> INFORMATION SUPPLIED
= Beginning of Section =

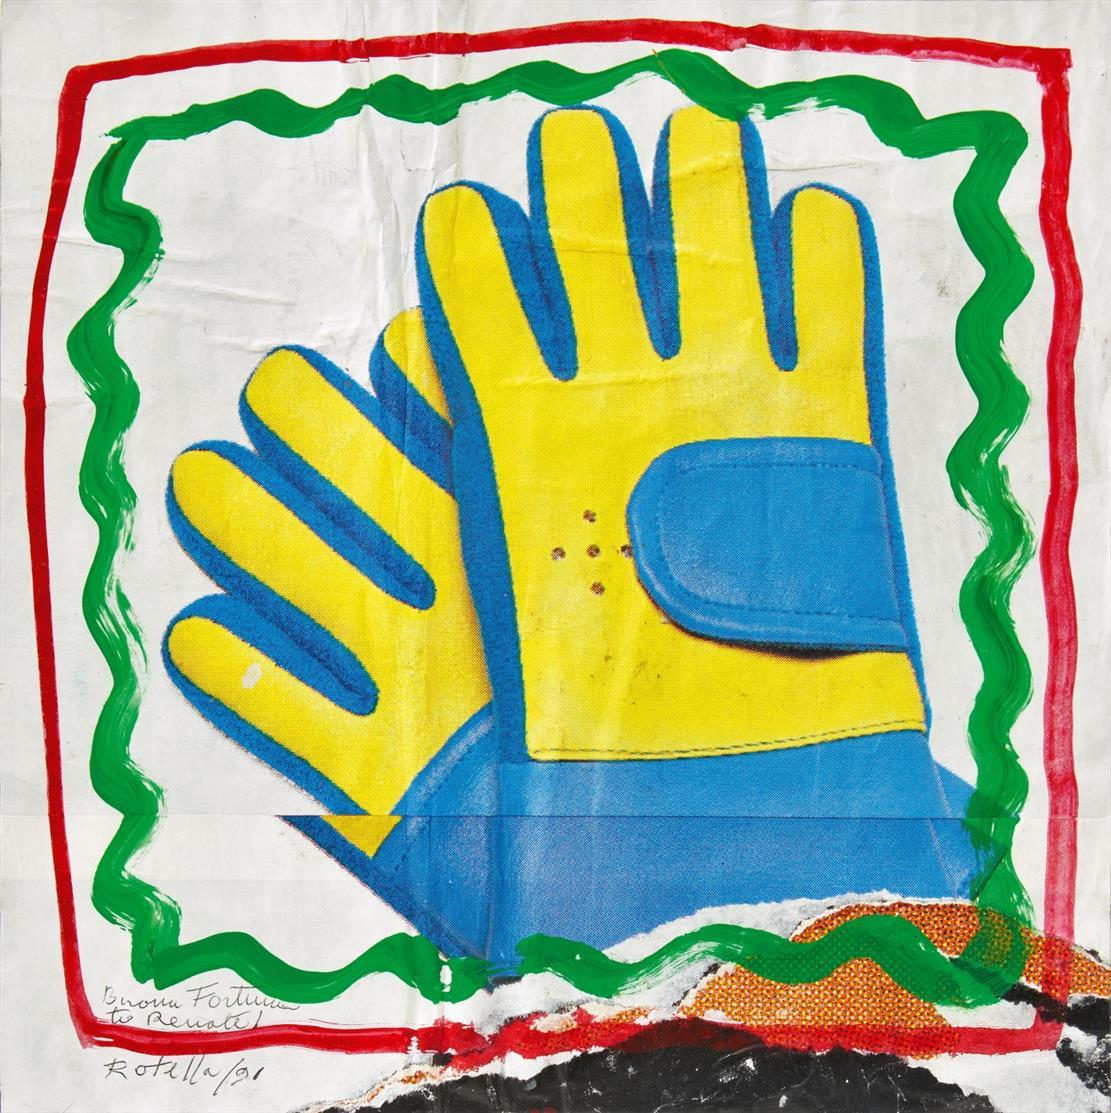 Mimmo Rotella. Ohne Titel (2 hands). 1991. Collage mit Gouache. Signiert.
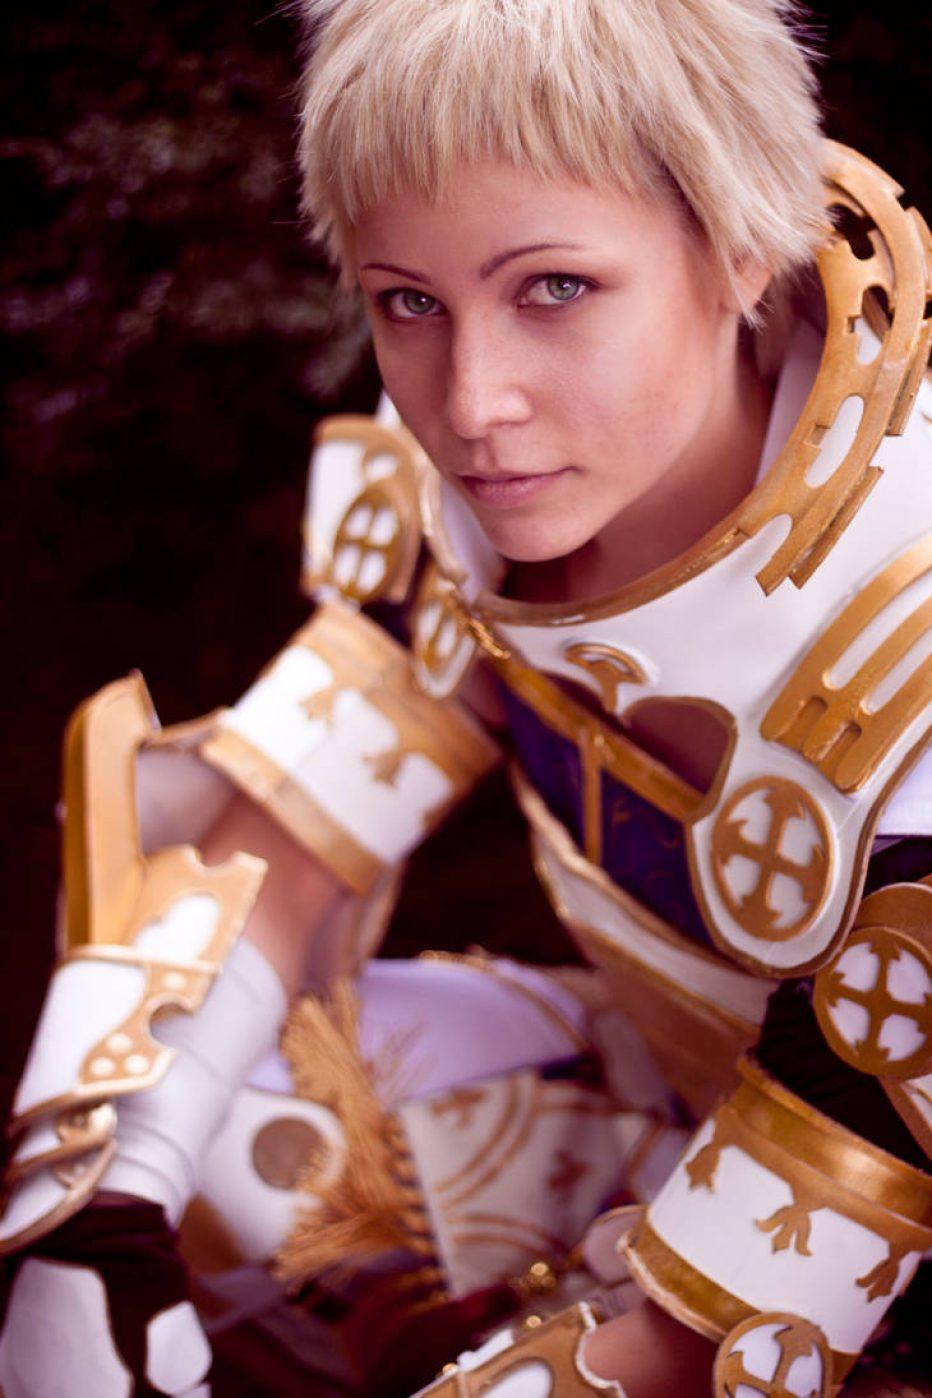 Final-Fantasy-XII-Rasler-Cosplay-Gamers-Heroes-3.jpg
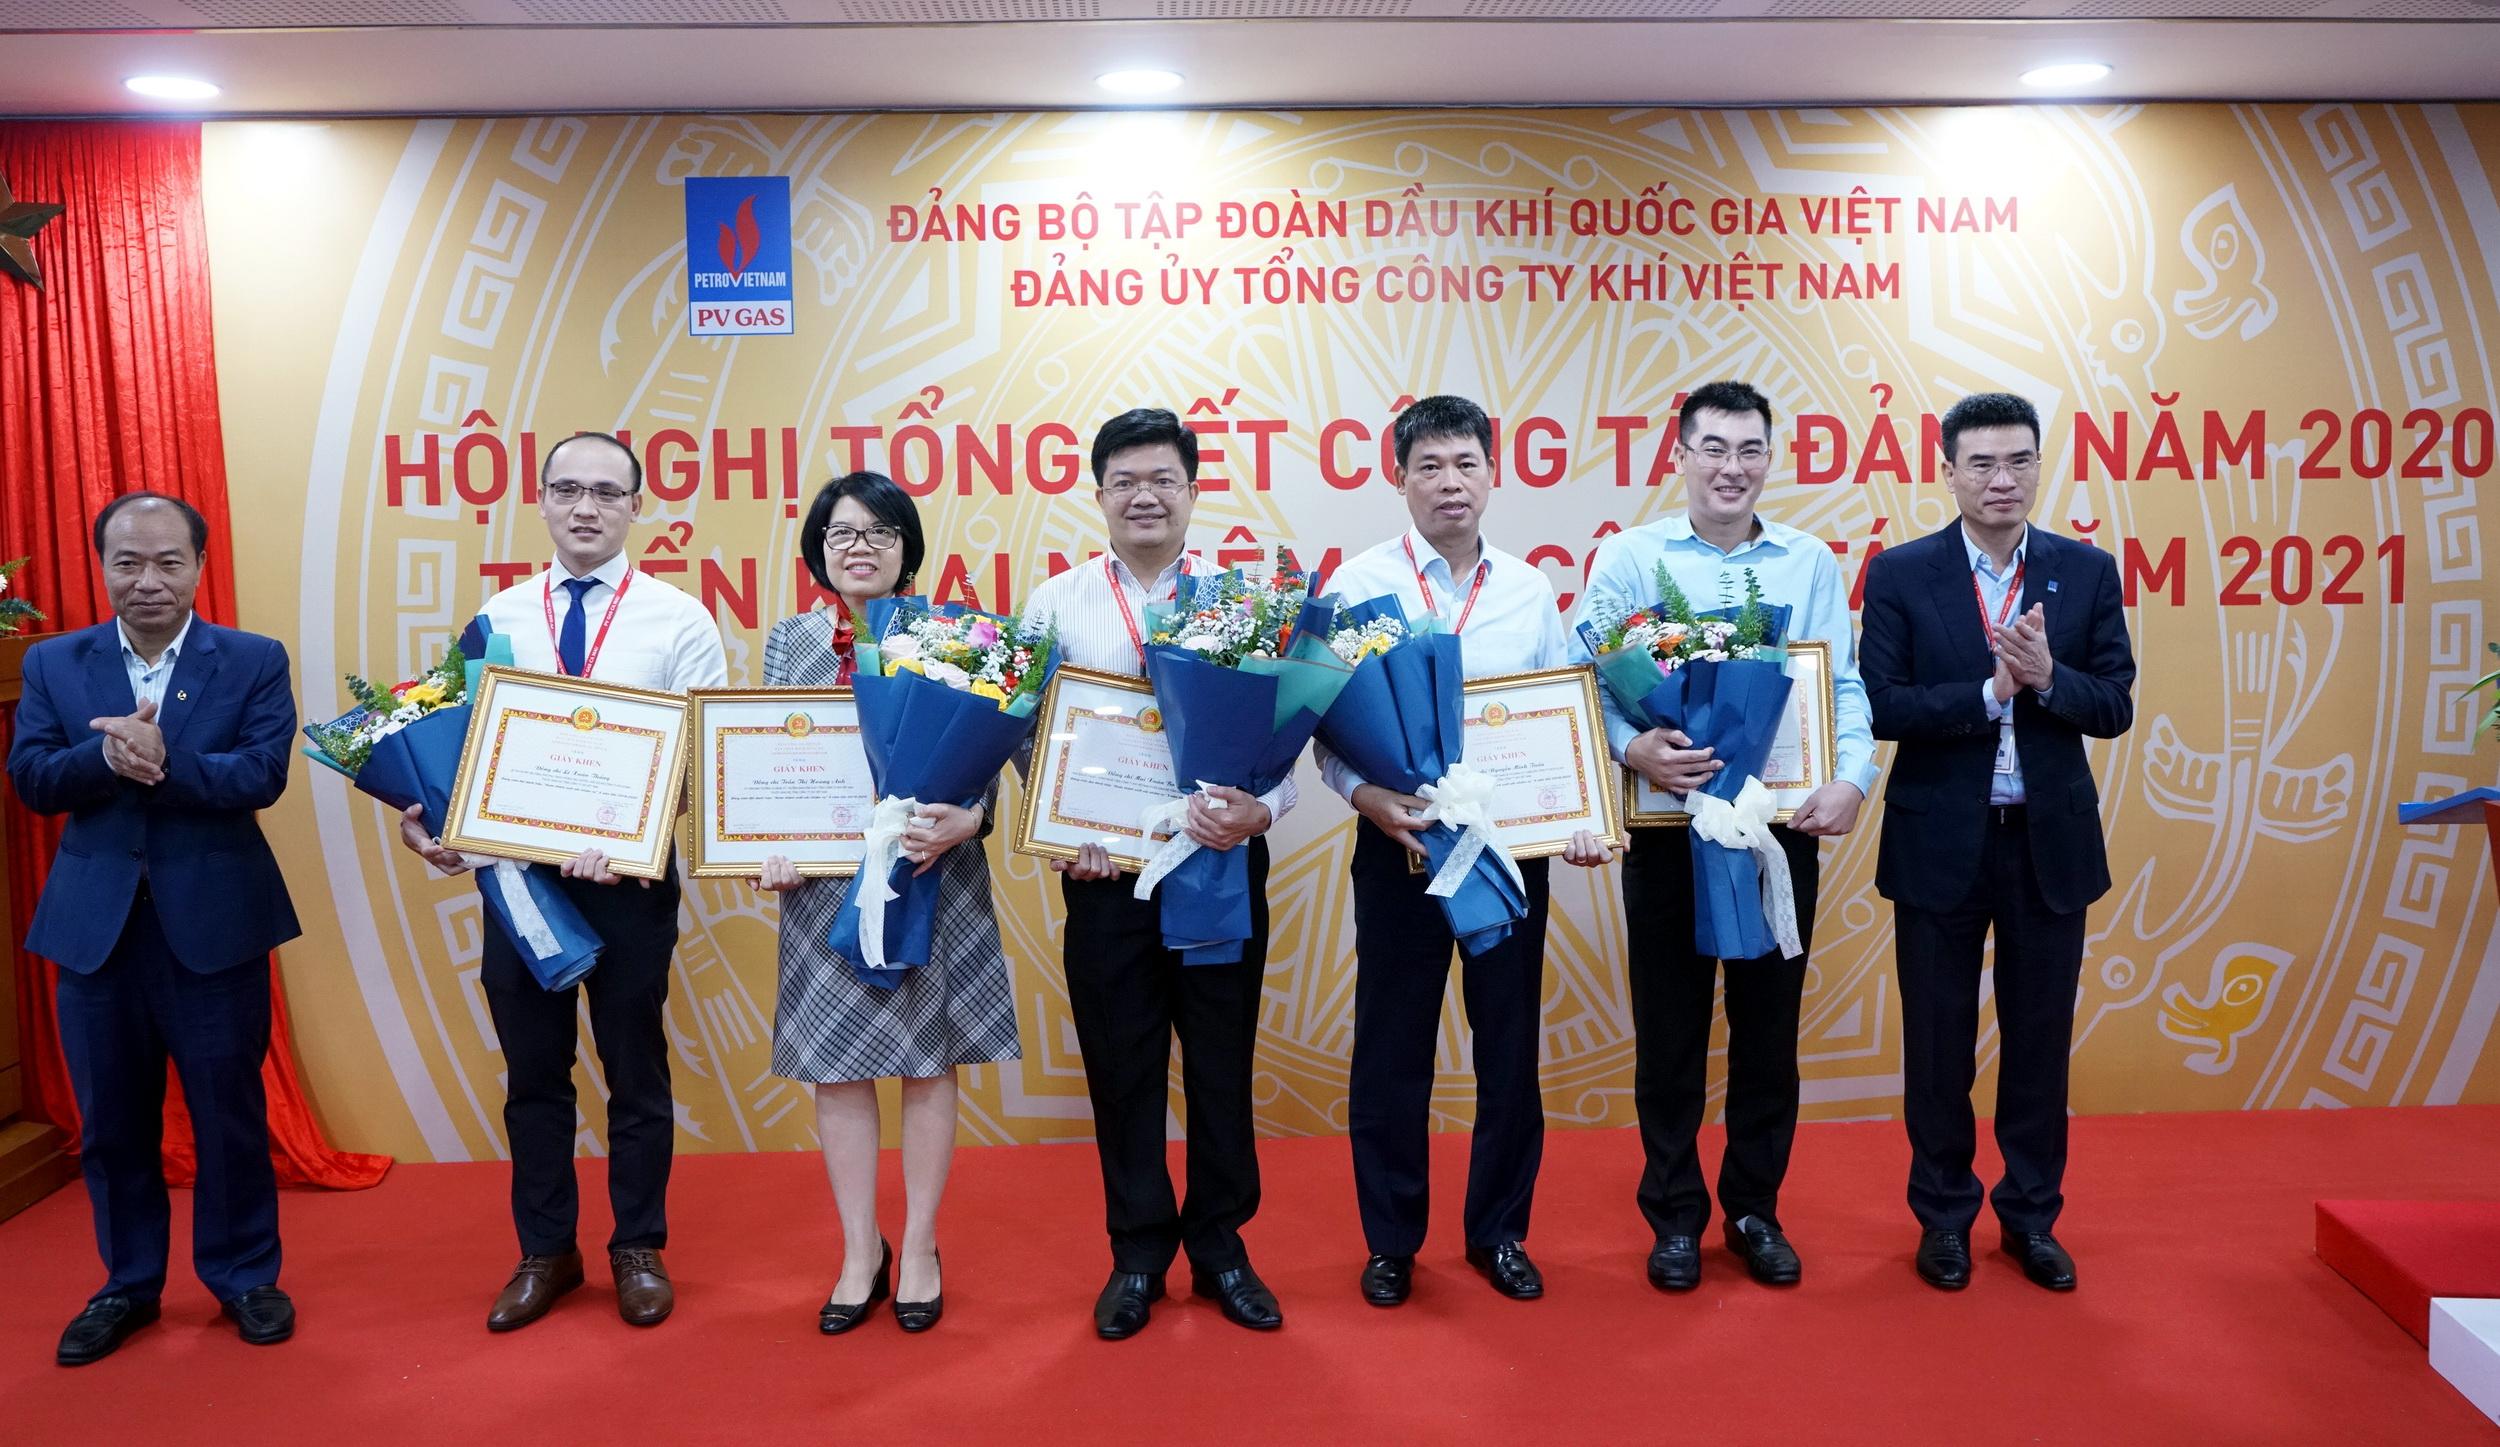 Đảng ủy Tập đoàn khen thưởng các đảng viên xuất sắc của PV GAS
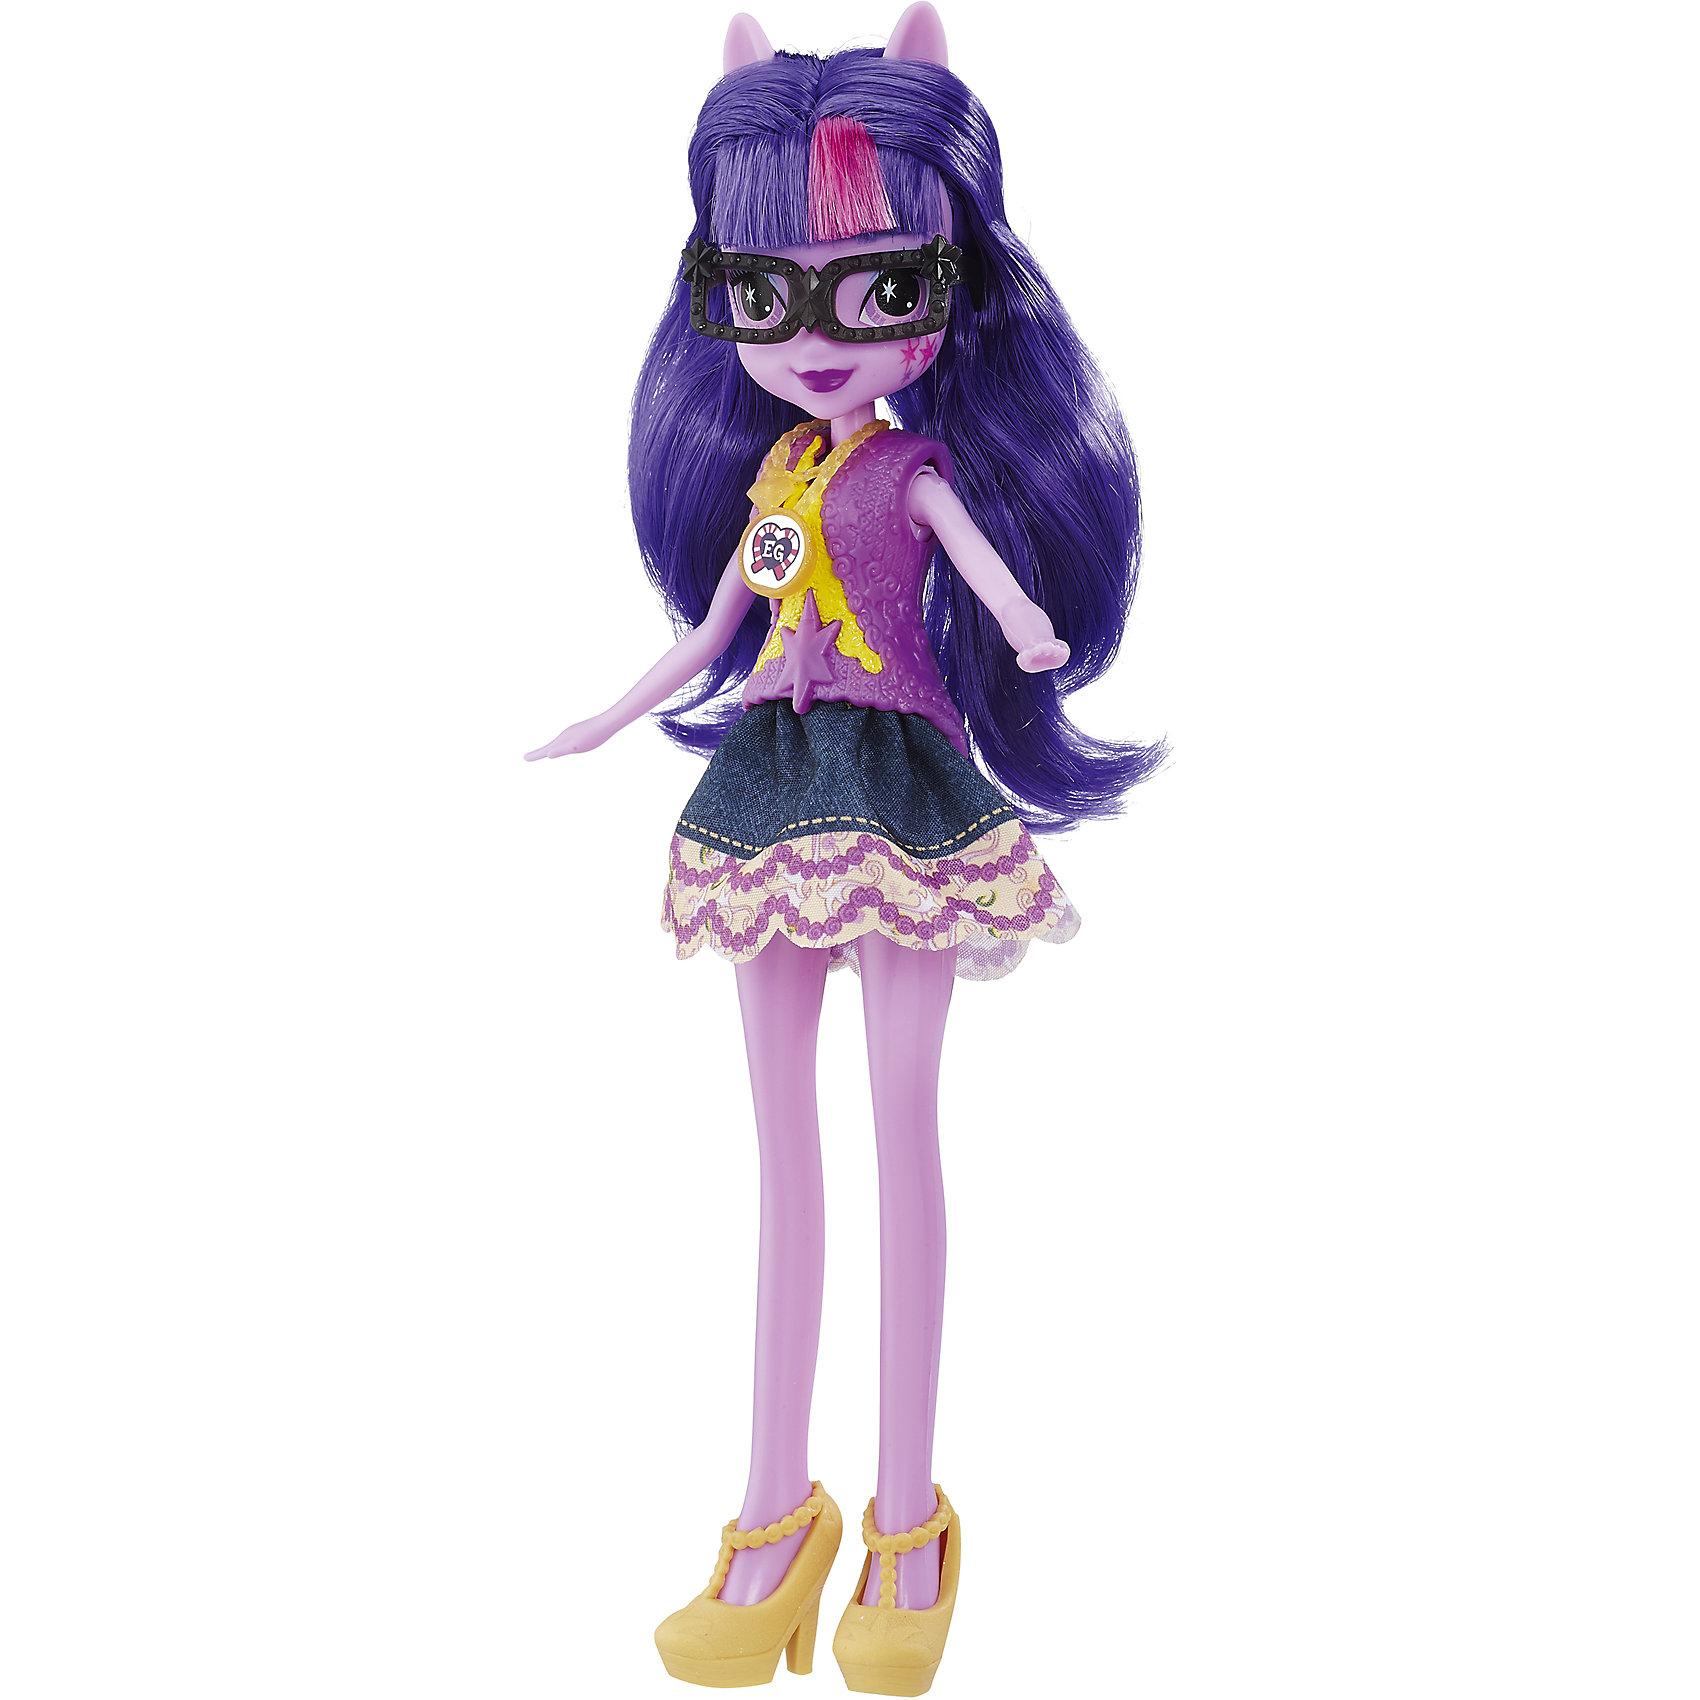 Кукла Легенда Вечнозеленого леса, B6476/B7522, My little Pony, HasbroКуклы-модели<br>Характеристики:<br><br>• возраст: от 5 лет;<br>• материал: пластик;<br>• в комплекте: кукла, наряд, ожерелье;<br>• высота куклы: 22 см;<br>• размер упаковки: 33,5х14х5 см;<br>• вес упаковки: 200 гр.;<br>• страна производитель: Китай.<br><br>Кукла «Легенда Вечнозеленого леса» Hasbro — героиня известного мультсериала «Мой маленький пони. Девочки из Эквестрии» Спаркл. Она одета в фиолетовое платье. У куклы выразительные глаза, фиолетовая кожа и длинные мягкие фиолетовые волосы. Дополняет образ Спаркл необычное ожерелье. На ожерелье имеется код, который поможет разблокировать увлекательную игру в приложении Equestria Girls.<br><br>Куклу «Легенда Вечнозеленого леса» Hasbro можно приобрести в нашем интернет-магазине.<br><br>Ширина мм: 50<br>Глубина мм: 140<br>Высота мм: 335<br>Вес г: 200<br>Возраст от месяцев: 60<br>Возраст до месяцев: 2147483647<br>Пол: Женский<br>Возраст: Детский<br>SKU: 6753135

= End of Section =

> WORK INSTRUCTION
Please copy out the whole listing exactly, minus its pictures.

> SOLUTION FOR THIS TASK
 Mimmo Rotella. Ohne Titel (2 hands). 1991. Collage mit Gouache. Signiert.
 Final-Fantasy-XII-Rasler-Cosplay-Gamers-Heroes-3.jpg
 Đảng ủy Tập đoàn khen thưởng các đảng viên xuất sắc của PV GAS
 Кукла Легенда Вечнозеленого леса, B6476/B7522, My little Pony, HasbroКуклы-модели<br>Характеристики:<br><br>• возраст: от 5 лет;<br>• материал: пластик;<br>• в комплекте: кукла, наряд, ожерелье;<br>• высота куклы: 22 см;<br>• размер упаковки: 33,5х14х5 см;<br>• вес упаковки: 200 гр.;<br>• страна производитель: Китай.<br><br>Кукла «Легенда Вечнозеленого леса» Hasbro — героиня известного мультсериала «Мой маленький пони. Девочки из Эквестрии» Спаркл. Она одета в фиолетовое платье. У куклы выразительные глаза, фиолетовая кожа и длинные мягкие фиолетовые волосы. Дополняет образ Спаркл необычное ожерелье. На ожерелье имеется код, который поможет разблокировать увлекательную игру в приложении Equestria Girls.<br><br>Куклу «Легенда Вечнозеленого леса» Hasbro можно приобрести в нашем интернет-магазине.<br><br>Ширина мм: 50<br>Глубина мм: 140<br>Высота мм: 335<br>Вес г: 200<br>Возраст от месяцев: 60<br>Возраст до месяцев: 2147483647<br>Пол: Женский<br>Возраст: Детский<br>SKU: 6753135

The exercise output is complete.